O pró-reitor de planejamento da UFC, professor Ernesto Pitombeira, garantiu que haverá uma reunião na próxima segunda-feira, com integrantes do protesto e com o reitor da UFC, Ícaro de Sousa, para que sejam apresentadas alternativas para a construção do novo prédio. "Estamos cortando (as árvores) porque temos autorização. Esse prédio é uma aspiração muito antiga. Temos uma quantidade de cinco mil estudantes nas Casas de Cultura, cujas instalações estão saturadas e a gente já faz um projeto tentando intervir o mínimo possível", ressaltou.

E-MAIS

O pró-reitor de planejamento da UFC, professor Ernesto Pitombeira, disse que a alternativa de construção de uma nova instalação para as Casas de Cultura no Campus do Pici está descartada. "A alternativa para atender às Casas de Cultura é de uma estrutura que esteja perto. Não podemos fazer uma estrutura no Pici".

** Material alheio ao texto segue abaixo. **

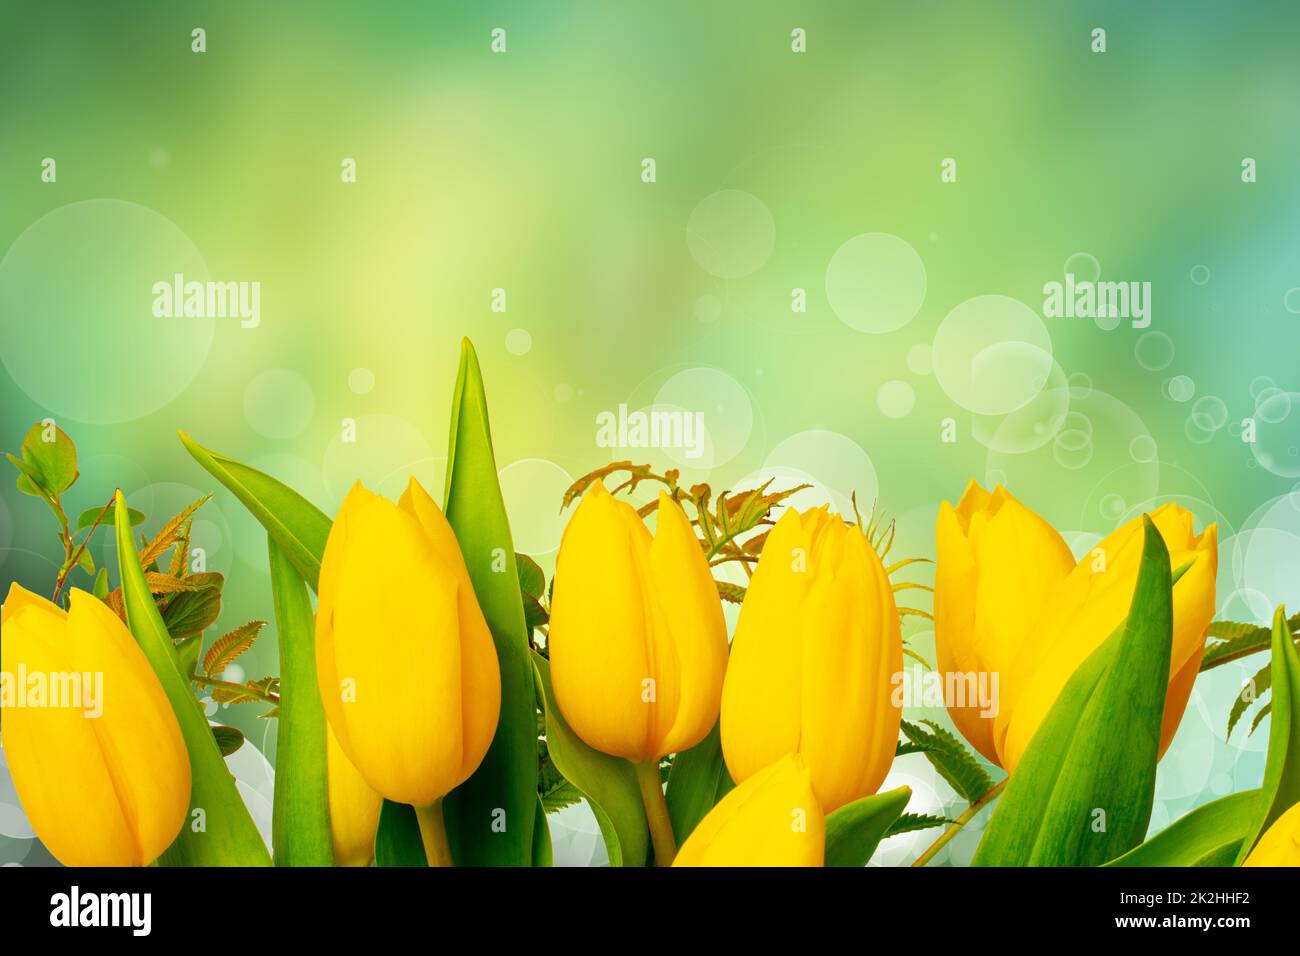 Greeting card template. Closeup of a fresh beautiful yellow tulips bouquet over abstract blurred green background. Space for text design. Spring, valentine, mothers or wedding day card. Macro. Stock Photo
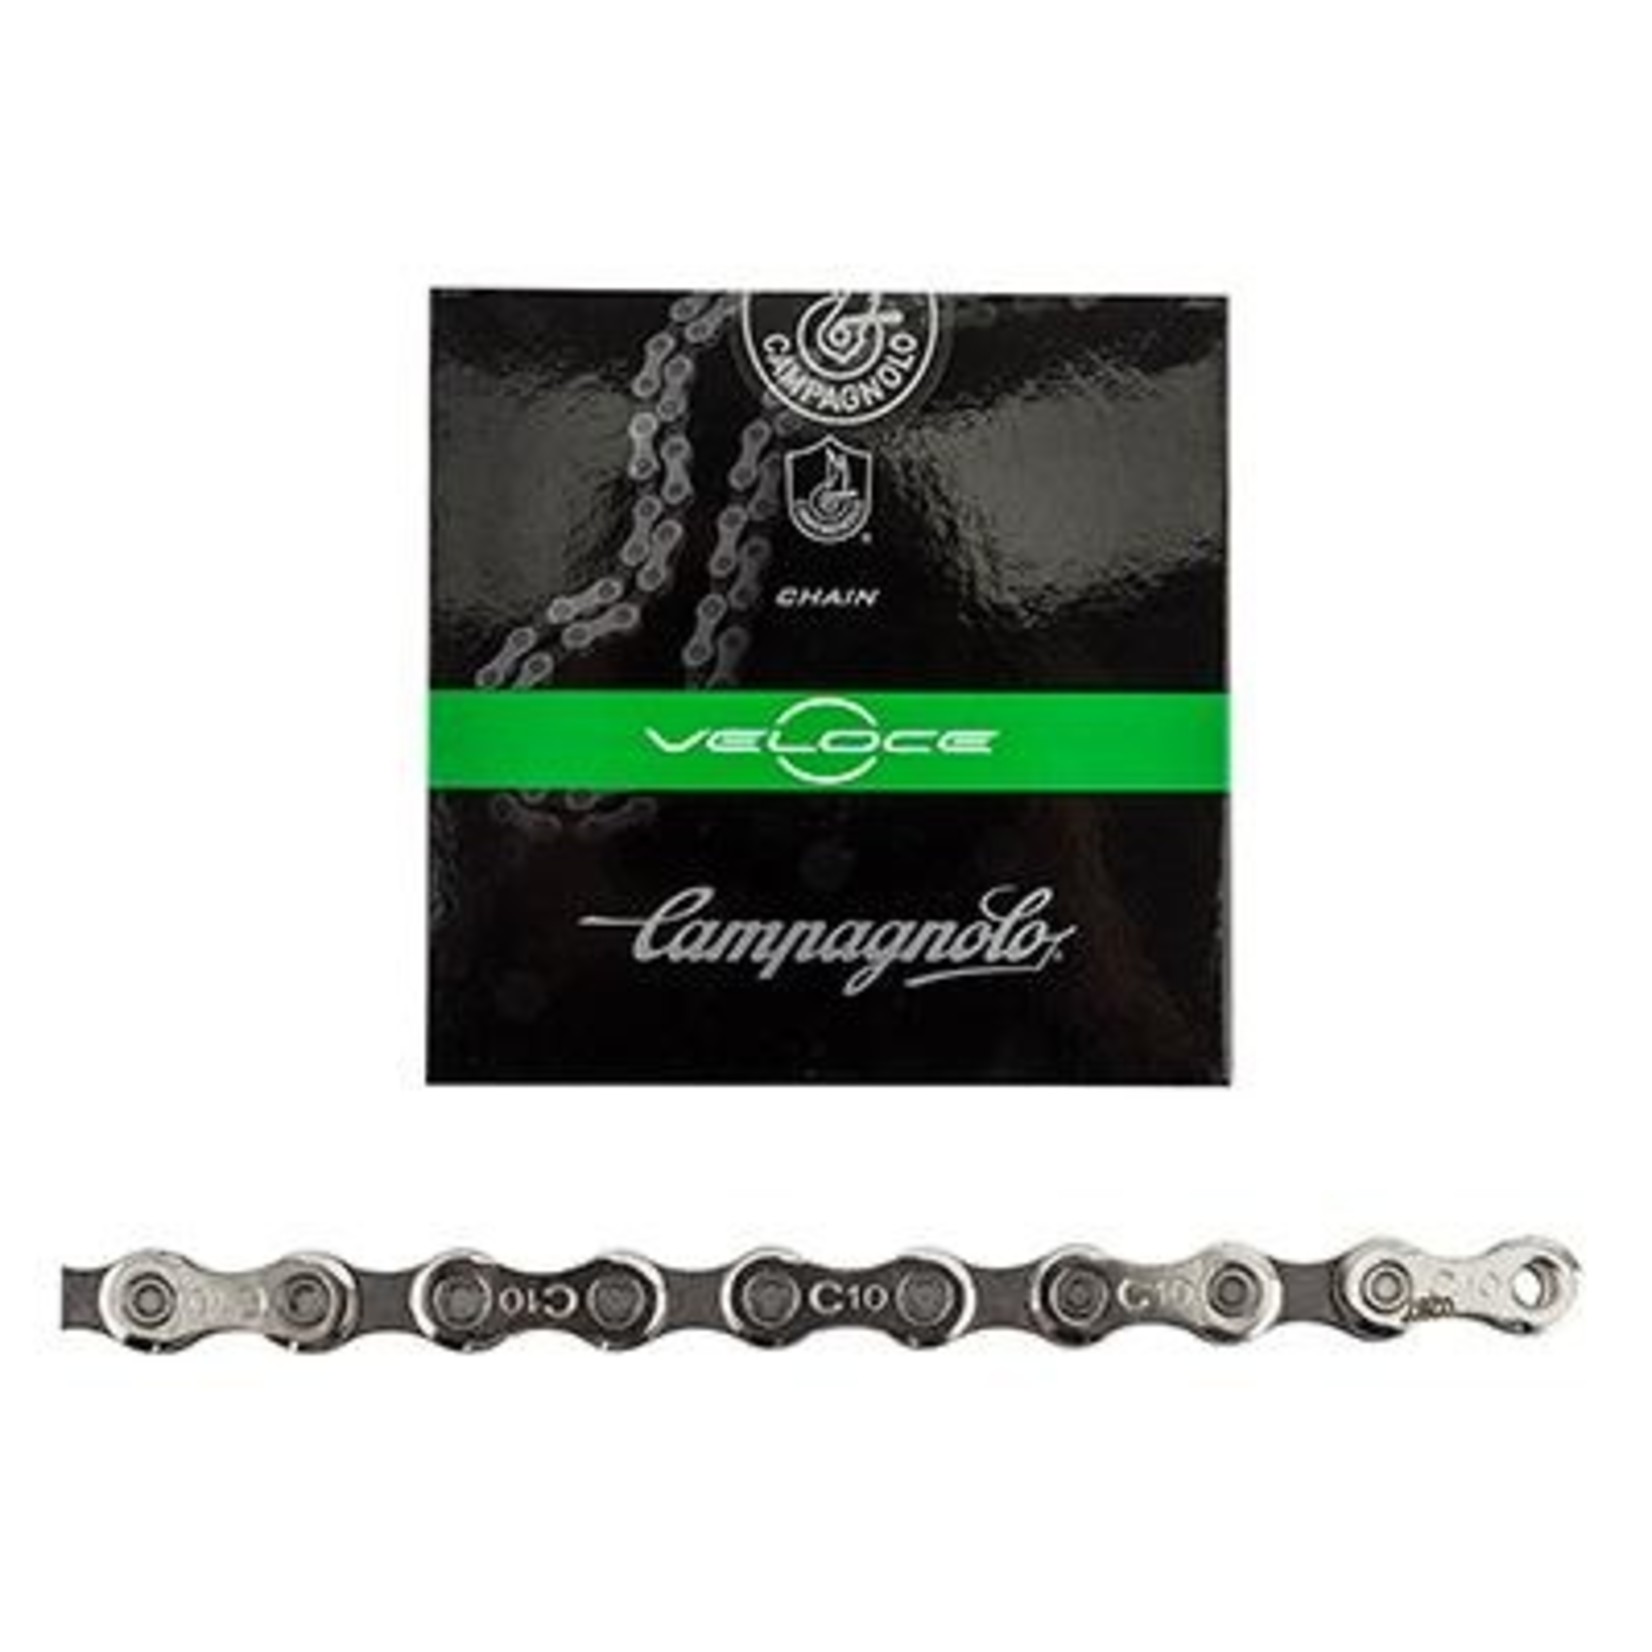 Campagnolo Campagnolo Veloce Chain - 10-Speed, 114 Links, Silver

Segundo o agrônomo do distrito de meio ambiente da Secretaria Regional IV (Ser IV), Juciê Alves Aguiar, o corte das árvores não é ilegal porque é necessário para uma edificação. "Só autorizamos a retirada de árvores quando estritamente necessário, quando a arbórea está doente ou quando impede uma construção civil.

Juciê informou que a universidade pediu a retirada de três árvores. "Autorizamos duas. Para a terceira foi autorizado o transplantio em bloco, tirar de um lugar para outro". Ele explicou que não daria para deslocar as outras duas árvores porque as raizes são profundas e abertas, o que impede o transporte.